== What you should do ==
Each line in the material below must be transcribed exactly; no picture belongs in the copy.

== Given information ==
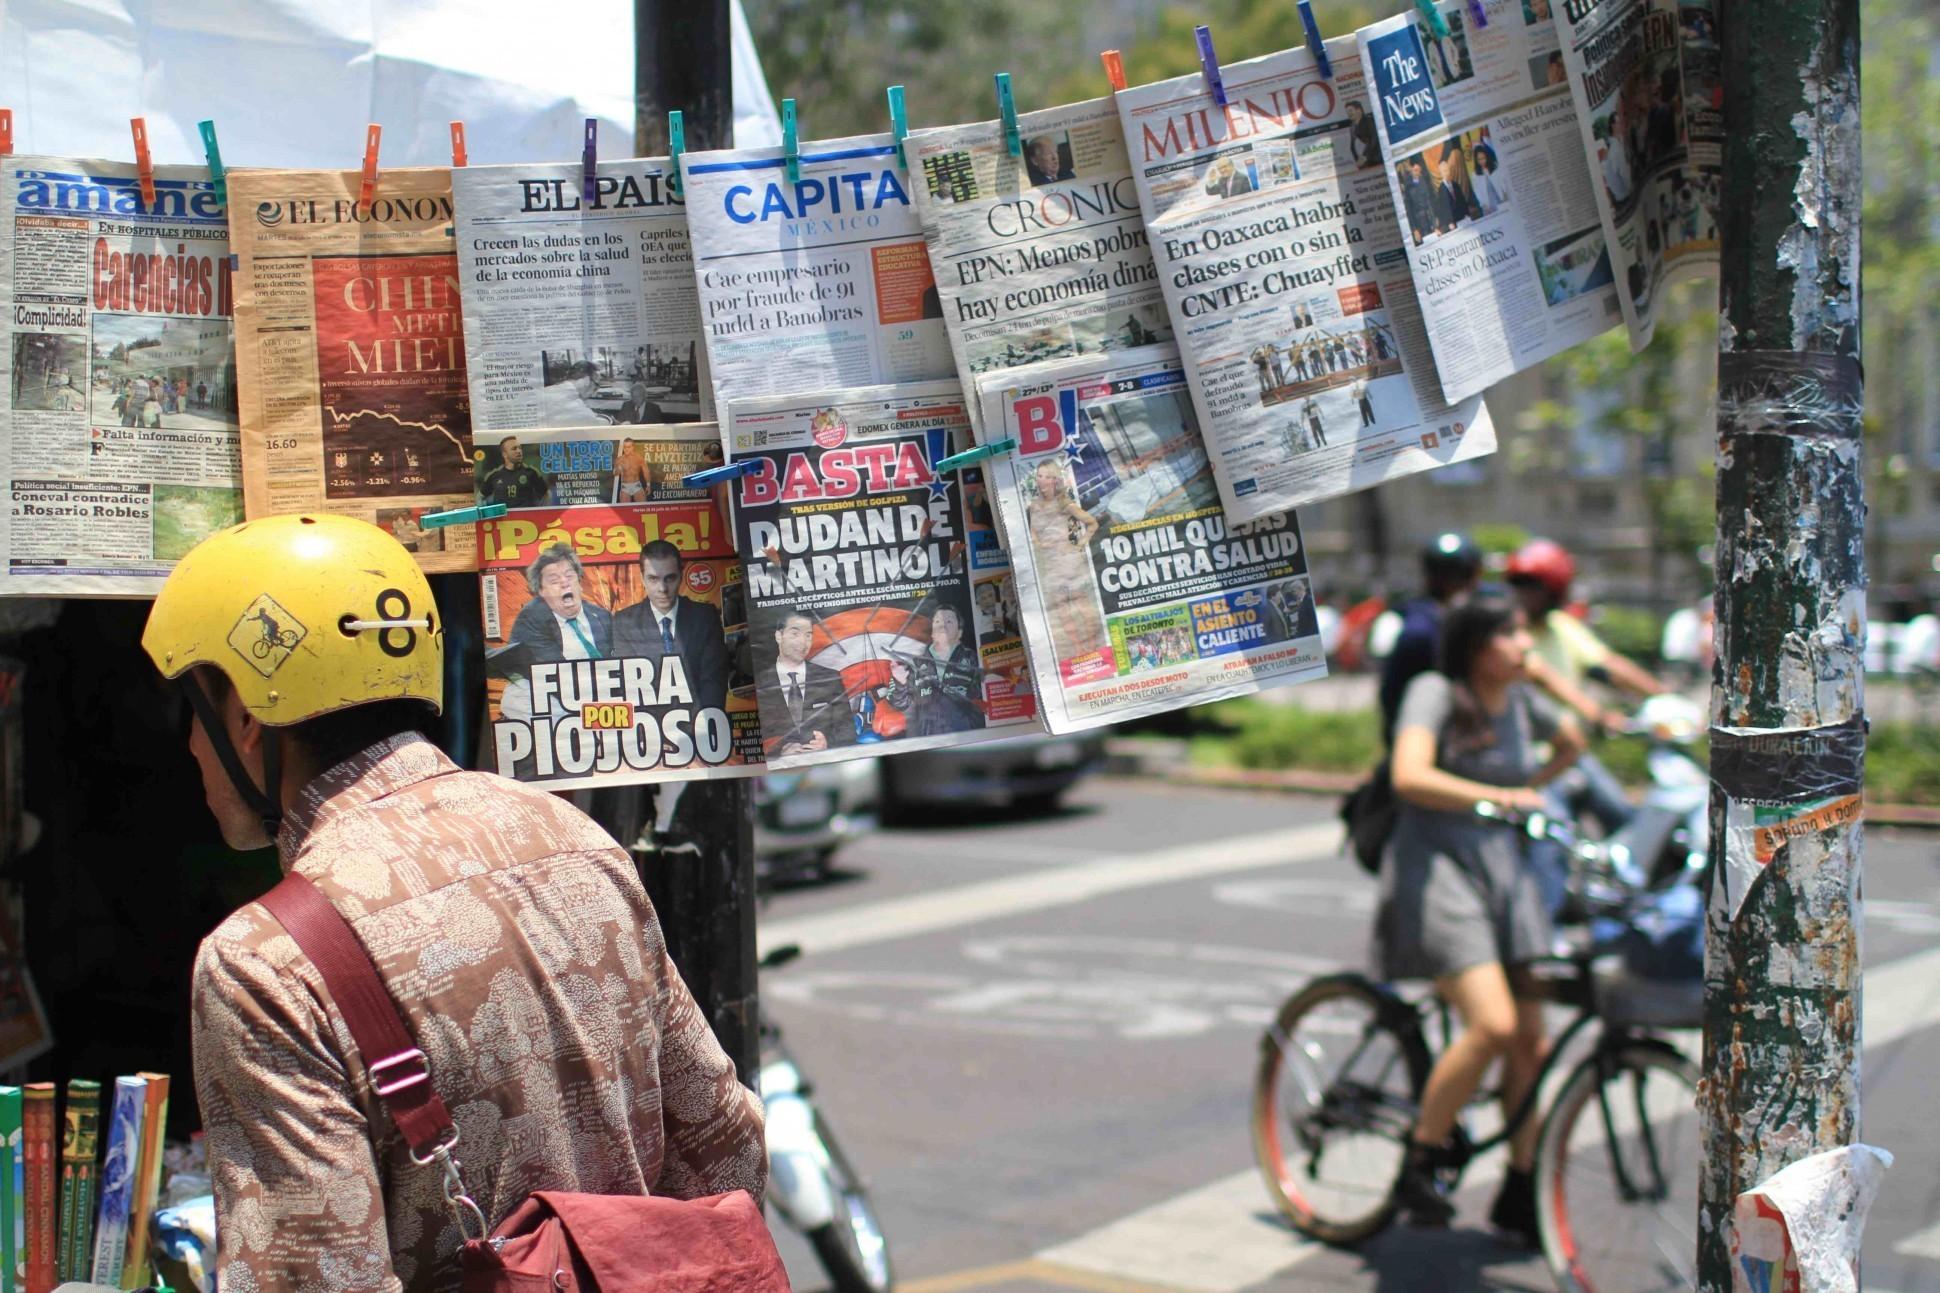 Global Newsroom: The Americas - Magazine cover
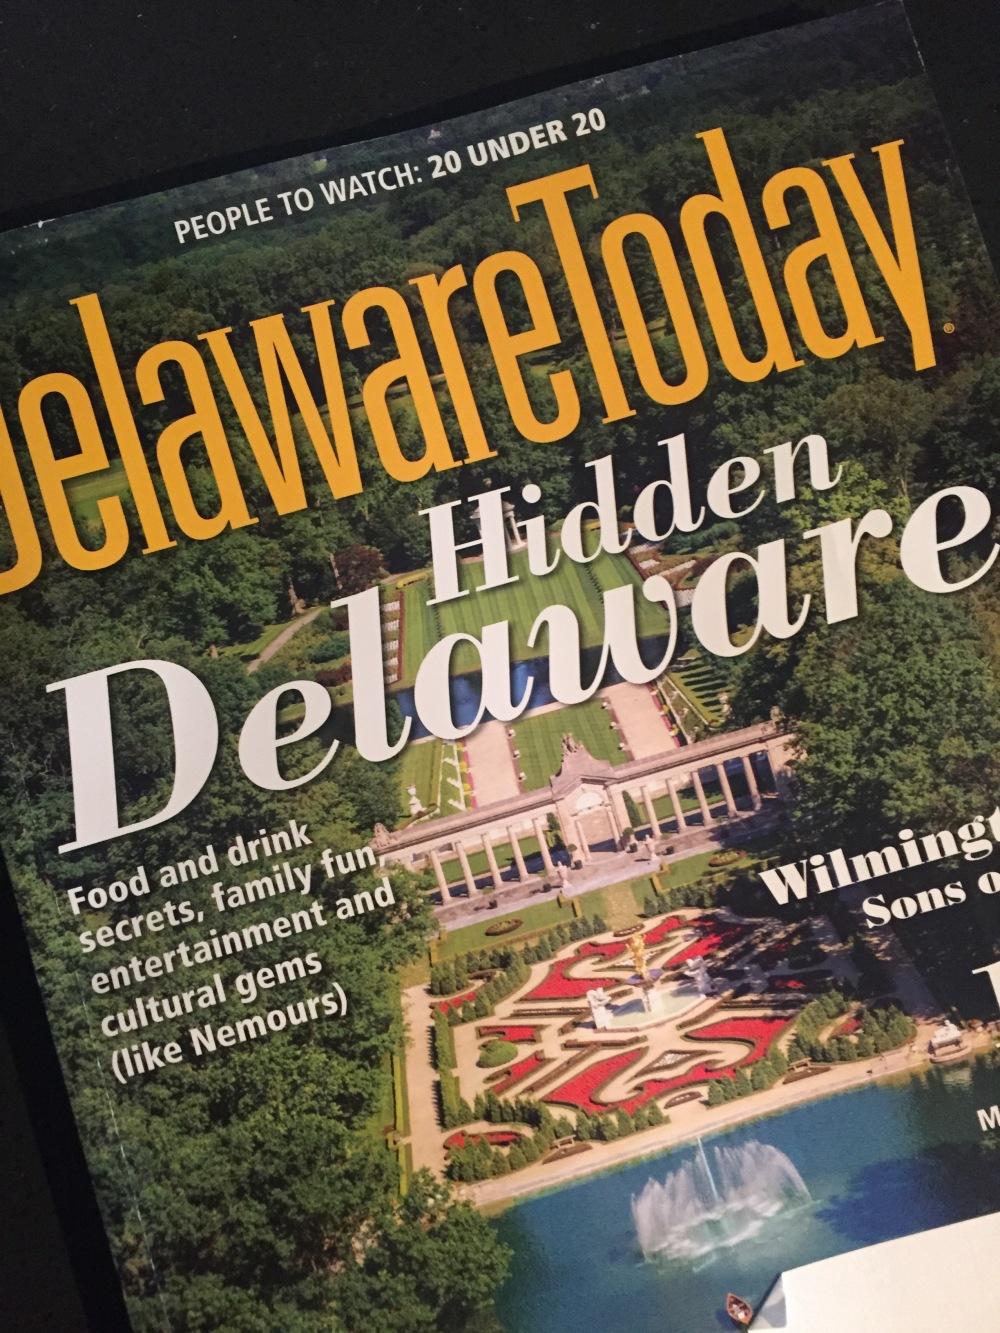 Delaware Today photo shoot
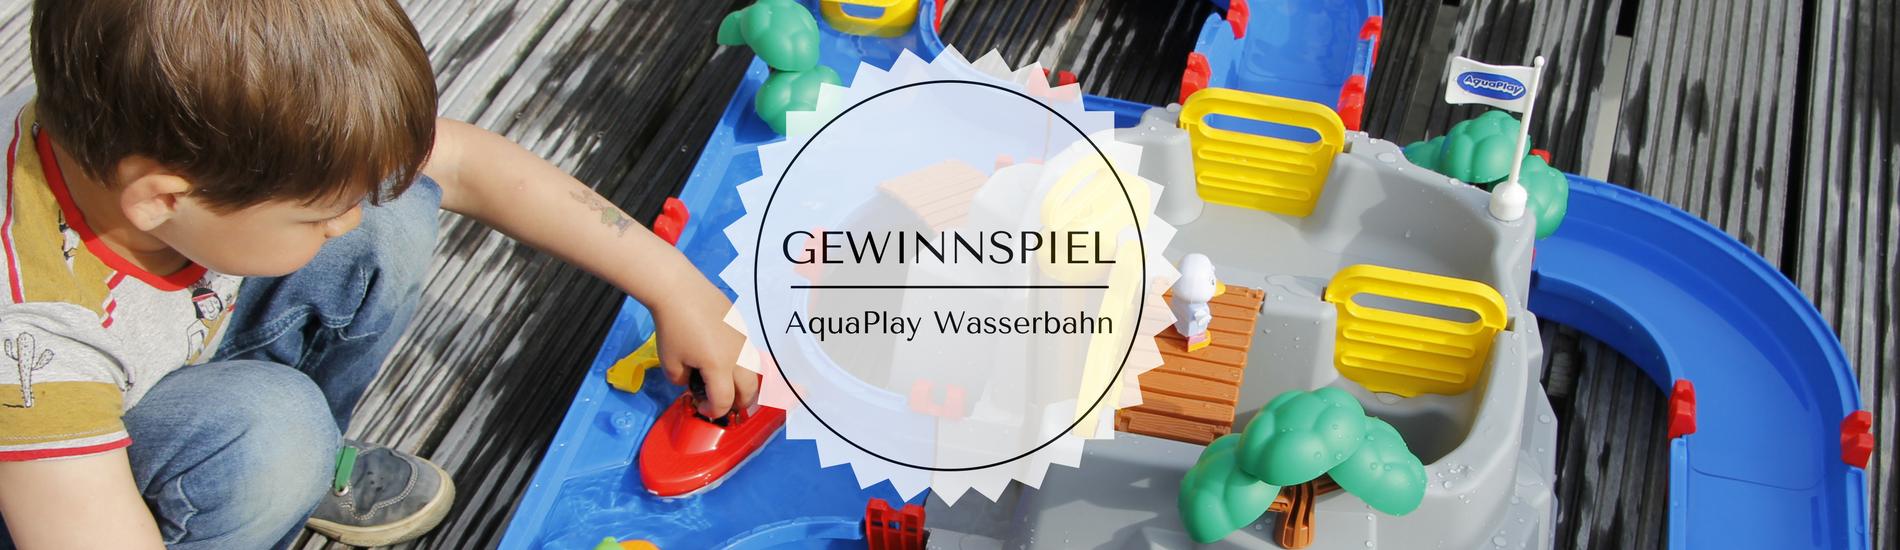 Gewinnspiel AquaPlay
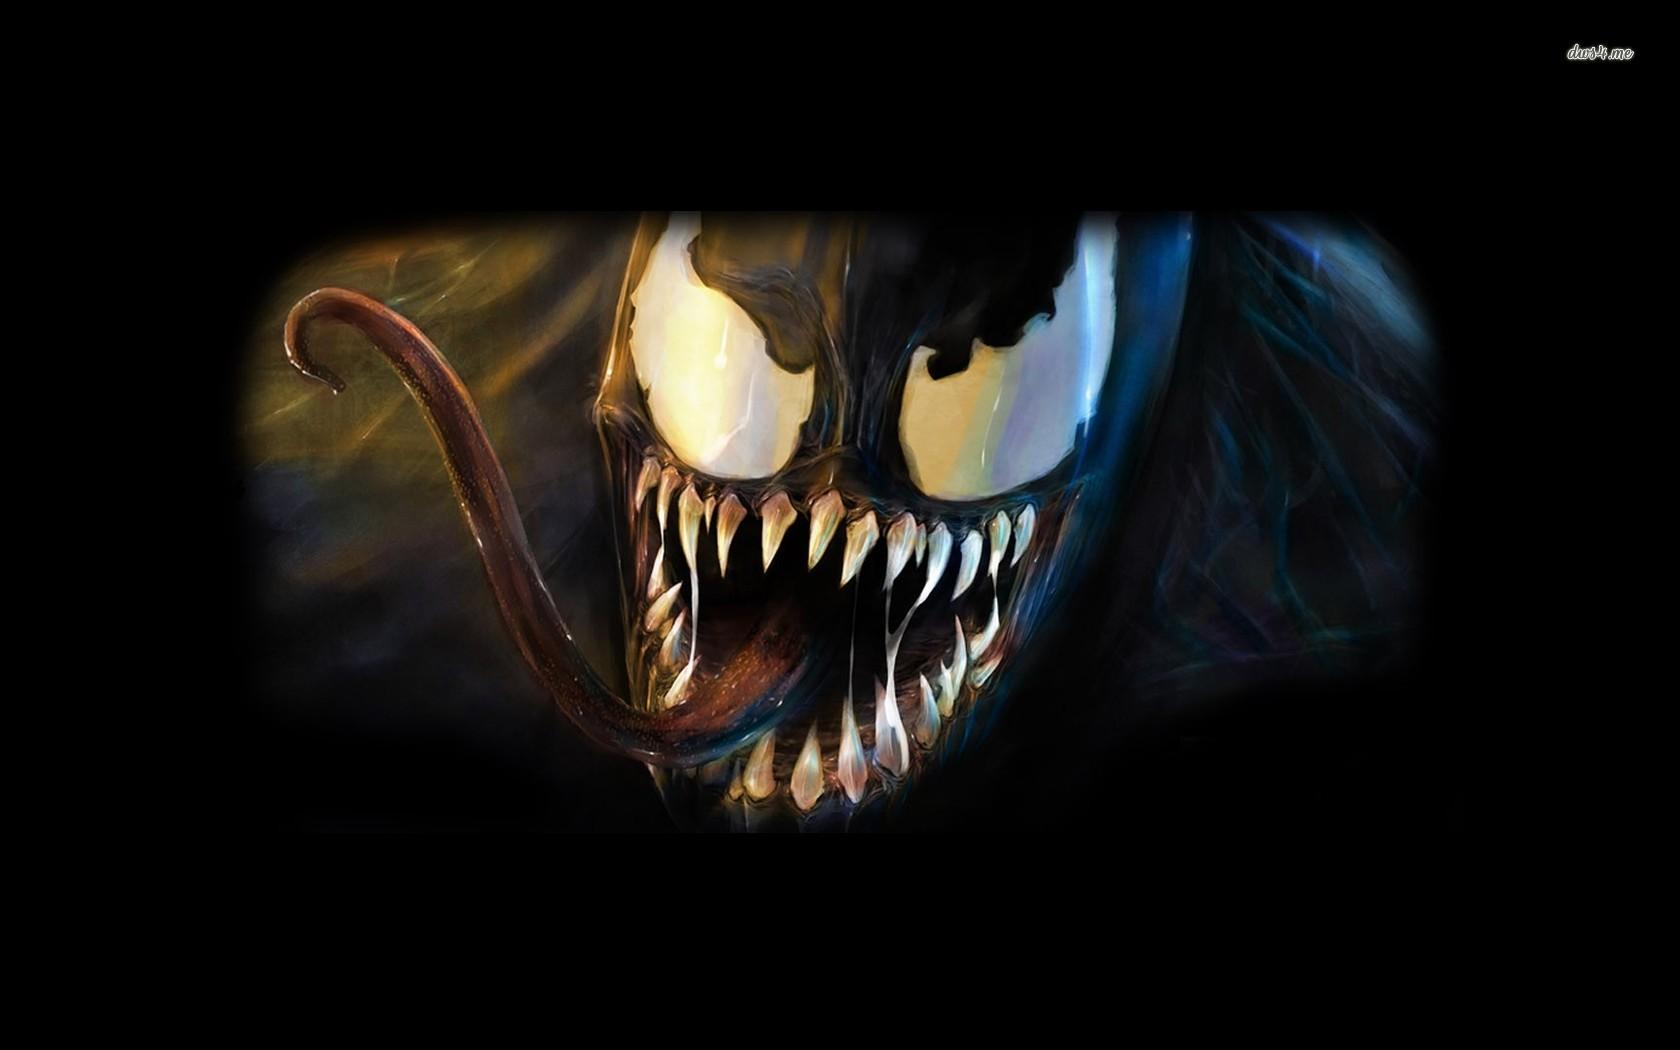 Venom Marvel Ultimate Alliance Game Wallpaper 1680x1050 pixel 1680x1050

== Response below ==
 Global Newsroom: The Americas - Magazine cover
 Delaware Today photo shoot
 Gewinnspiel AquaPlay
 Venom Marvel Ultimate Alliance Game Wallpaper 1680x1050 pixel 1680x1050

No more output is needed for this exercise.